» Data:
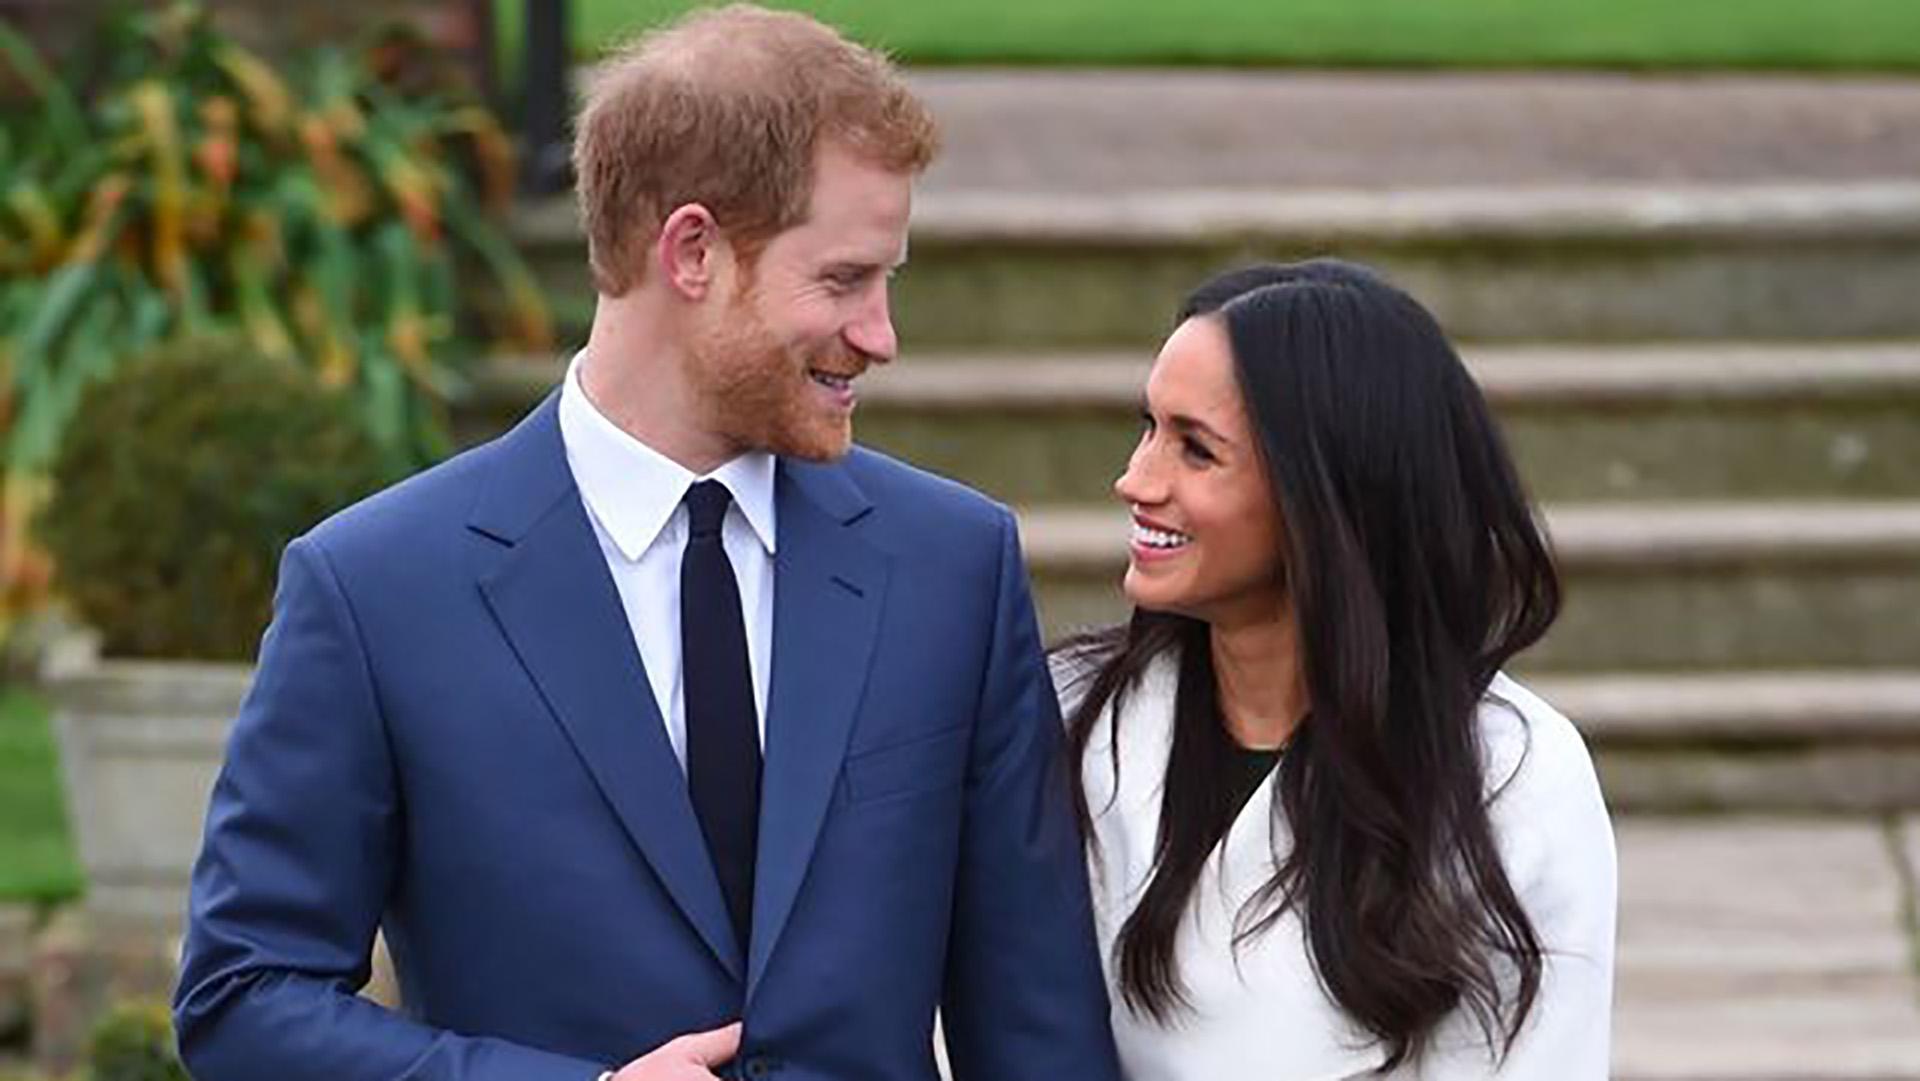 """""""Fue una sorpresa increíble. Fue muy dulce, natural y romántico"""", contó Markle sobre cómo el príncipe Harry le propuso matrimonio durante un cena en casa. """"Ni siquiera me dejó terminar. Ella me dijo '¿Puedo decir que sí'?"""", acotó Harry."""
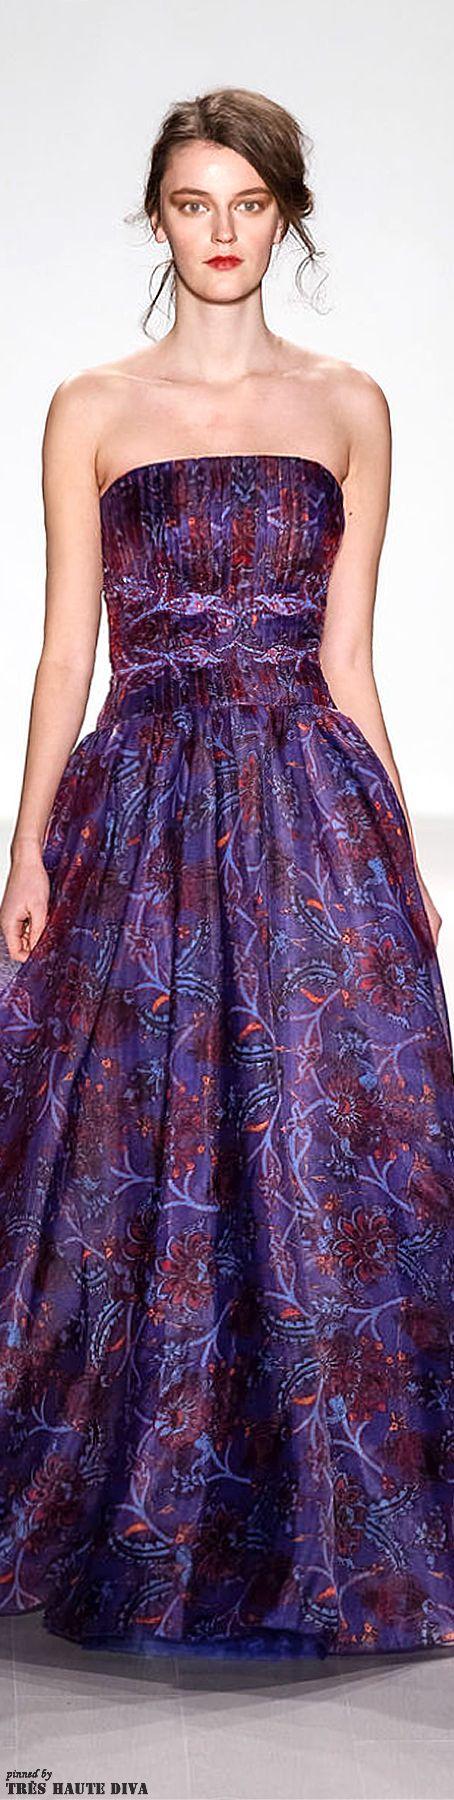 531 best Soirée Dresses (2) images on Pinterest | Sherri hill ...
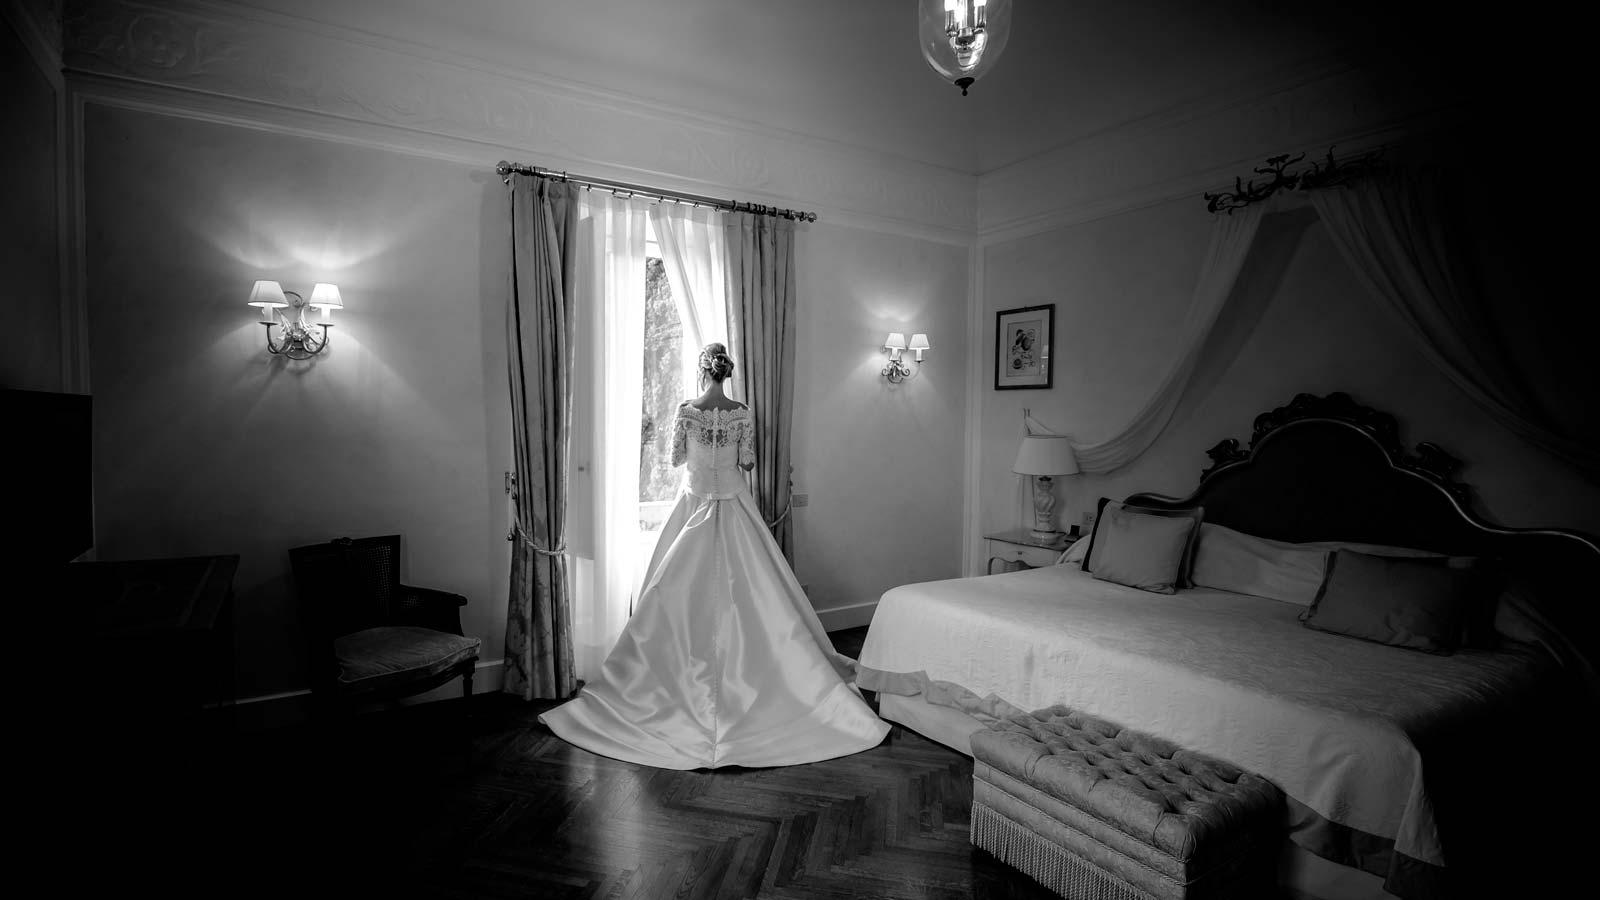 fotografo-matrimonio-taormina-sicilia-luxury-wedding-reportage-di-matrimonio-fotografo-messina-03

» Problem statement:
Since the pictures are not wanted, repeat only the rest of the material, exactly as given.

» Result:
 """""""Fue una sorpresa increíble. Fue muy dulce, natural y romántico"""", contó Markle sobre cómo el príncipe Harry le propuso matrimonio durante un cena en casa. """"Ni siquiera me dejó terminar. Ella me dijo '¿Puedo decir que sí'?"""", acotó Harry."""
 531 best Soirée Dresses (2) images on Pinterest | Sherri hill ...
 fotografo-matrimonio-taormina-sicilia-luxury-wedding-reportage-di-matrimonio-fotografo-messina-03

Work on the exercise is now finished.